There are two ski schools in the resort. They are ESF and A-PEAK.

APEAK ski school has a team of 15 instructors all fluent in English, Italian and even Dutch for some of them. They all provide tuition and guiding adapted to the skills of their students.

ESF has 900 instructors, and offer alpine skiing, cross country skiing, snow shoeing and heli-skiing activities as well as trips to Serre Chevalier and to the Olympic facilities. There is a snow garden when 4-year-olds and children older can experience skiing.

==Summer activities==
- Golf - An international 18 hole golf course on the beginner slopes. This border golf course has nine holes in France and nine in Italy. There is also a driving range.
- Mountain Biking - Three lifts are open in the summer for bikers and there is a bike park which has recently been built.
- Kayaking/Rafting - Down stream on the Durance towards Briancon there is a gorge where clubs from Briancon use the river. Many clubs which offer rafting/kayaking trips on the local rivers.
- Walking - Discover the forests, lakes, forts and the source of the mighty River Durance. You can see the flora and fauna of the mountain side. This includes eagles, marmottes, rabbits, chamois and deer.
- Fishing - There are numerous lakes at the bottom of the resort and up in the mountains. The main fish are trout.
- Canyoning - In the local gorges and torrents.
- Via Ferrata - Climbing and zip wires in the forest.
- Swimming - There is a swimming pool in the village.
- Tennis - There are six courts in the resort.
- Horse Riding - In Les Alberts there is Cheval Montagne, which take horse rides up the Claree Valley.

==Transport==
===Roads===
The RN94 which climbs up the Col de Montgenèvre runs through the village. A tunnel was built before the Turin Olympics back in 2006 to divert through traffic under the village, making the resort more peaceful. The road runs to Briançon and Oulx. There is a road to Grenoble from Briançon on the RN91 over the Col du Lautaret.

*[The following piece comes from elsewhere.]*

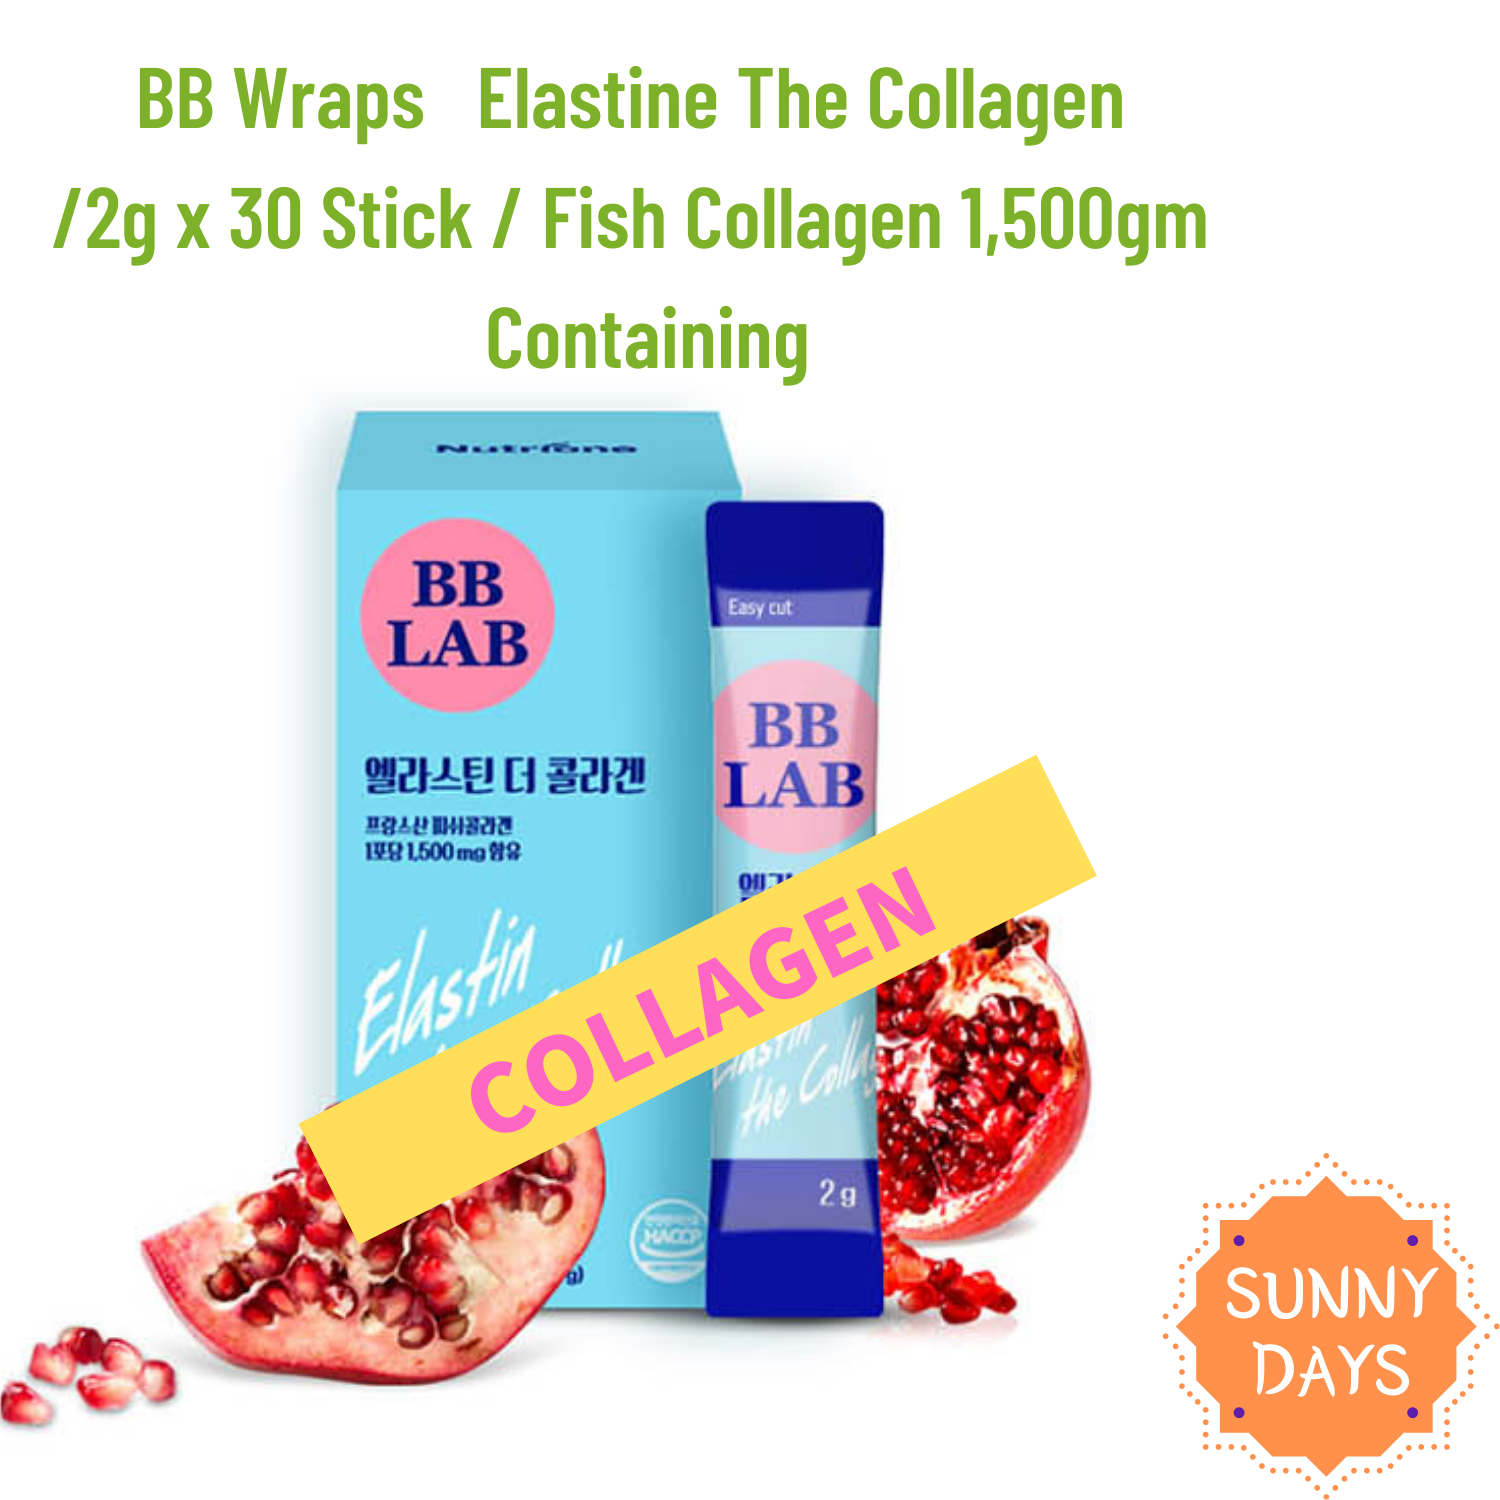 BB LAB Elastine The Collagen /2g x 30 Stick / Fish Collagen 1,500 gm ...

Calais Ferry Port is a 10-hour 30 minutes drive away on French Motorways.

===Aeroplane===
The nearest international airport is Turin International Airport, 1 hour and 25 minutes drive (101 km) away. Grenoble-Isère Airport is 222 km away and a 2-hour 25 minutes drive away from the resort.

===Train===
There is a bus to Oulx Railway station in the Susa Valley. This station serves the TGV line between Milan - Turin - Modane - Paris. Paris is 4 1/2 hours away from Oulx.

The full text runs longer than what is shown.